This framework breaks complex skills into focused modules to keep token usage predictable and avoid monolithic files. We use progressive disclosure: starting with essentials and loading deeper technical details via `@include` or `Load:` statements only when needed. This approach prevents hitting context limits during long-running tasks.

Modular design keeps file sizes within recommended limits, typically under 150 lines. Shallow dependencies and clear boundaries simplify testing and maintenance. The hub-and-spoke model allows the project to grow without bloating primary skill files, making focused modules easier to verify in isolation and faster to parse.

### Core Components

Three tools support modular skill development:
- `skill-analyzer`: Checks complexity and suggests where to split code.
- `token-estimator`: Forecasts usage and suggests optimizations.
- `module_validator`: Verifies that structure complies with project standards.

### Design Principles

We design skills around single responsibility and loose coupling. Each module focuses on one task, minimizing dependencies to keep the architecture cohesive. Clear boundaries and well-defined interfaces prevent changes in one module from breaking others. This follows Anthropic's Agent Skills best practices: provide a high-level overview first, then surface details as needed to maintain context efficiency.

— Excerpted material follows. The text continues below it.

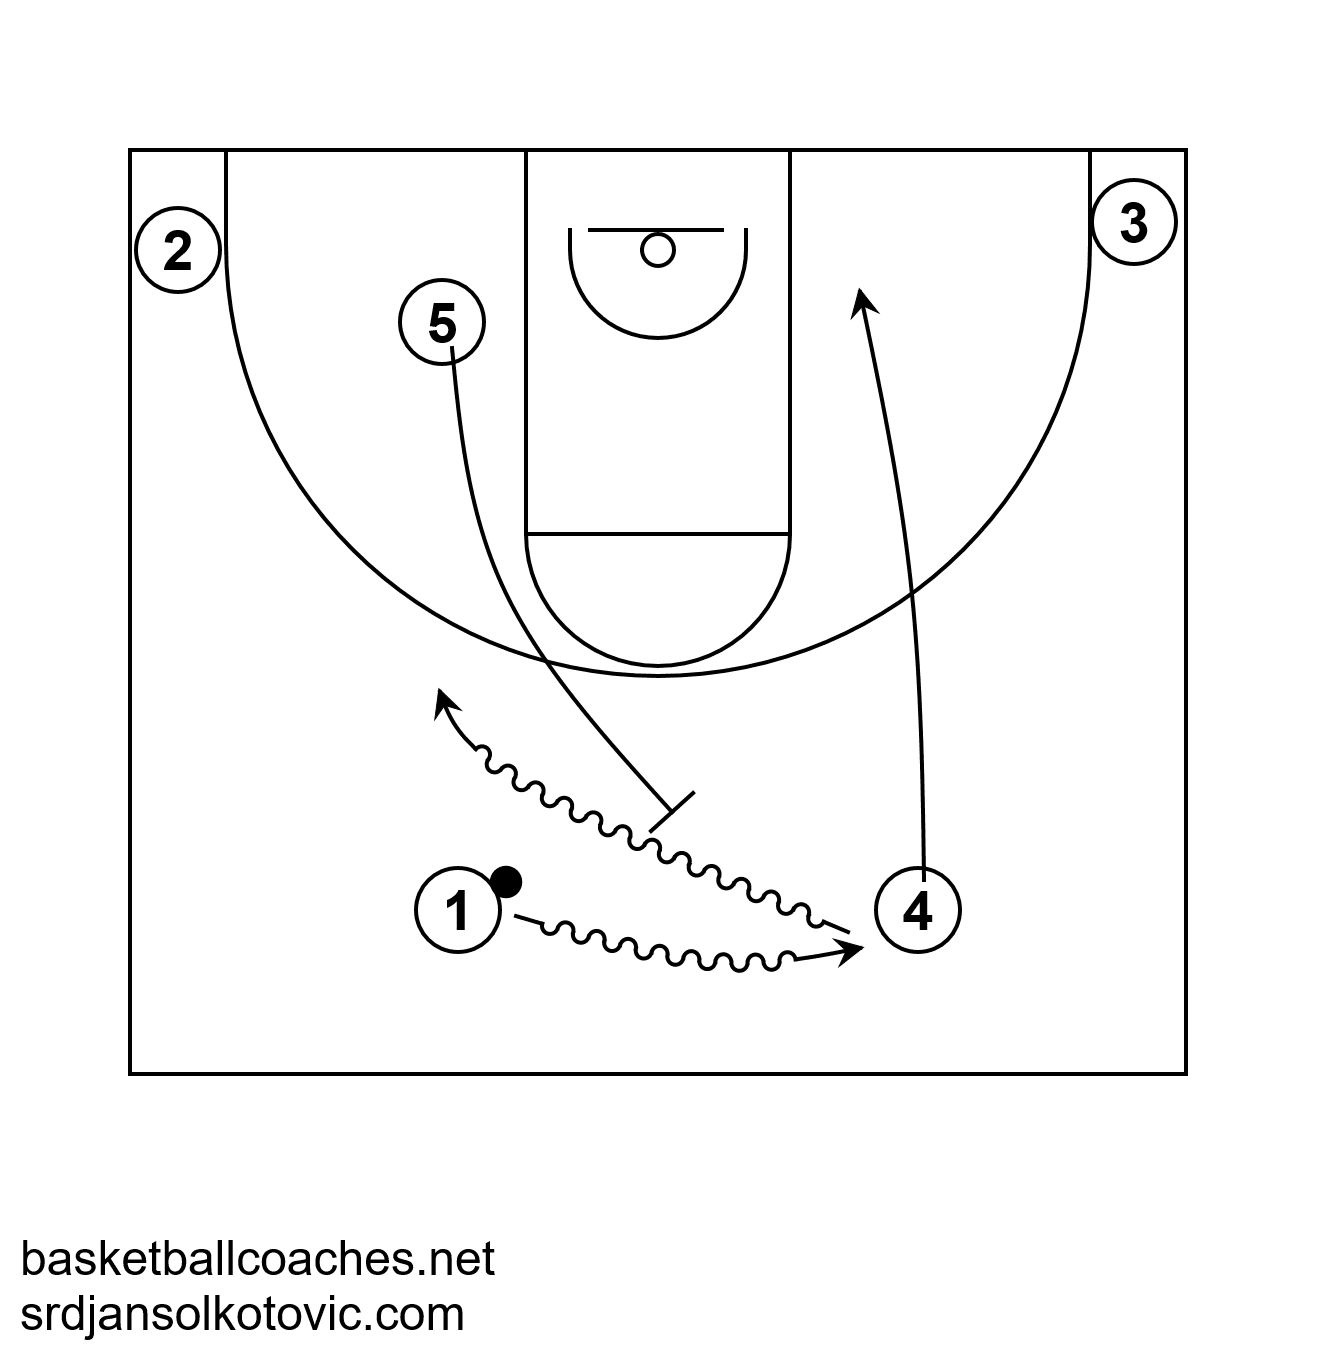 Basketball Terminology: Drive Pick and Roll

### Module Ownership (IMPORTANT)

**Deprecated**: `skills/shared/modules/` directories. This pattern caused orphaned references when shared modules were updated or removed.

**Current pattern**: Each skill owns its modules at `skills/<skill-name>/modules/`. When multiple skills need the same content, the primary owner holds the module and others reference it via relative path (e.g., `../skill-authoring/modules/anti-rationalization.md`). The validator flags any remaining `skills/shared/` directories.

## Quick Start

### Skill Analysis
Analyze modularity using `scripts/analyze.py`. You can set a custom threshold for line counts to identify files that need splitting.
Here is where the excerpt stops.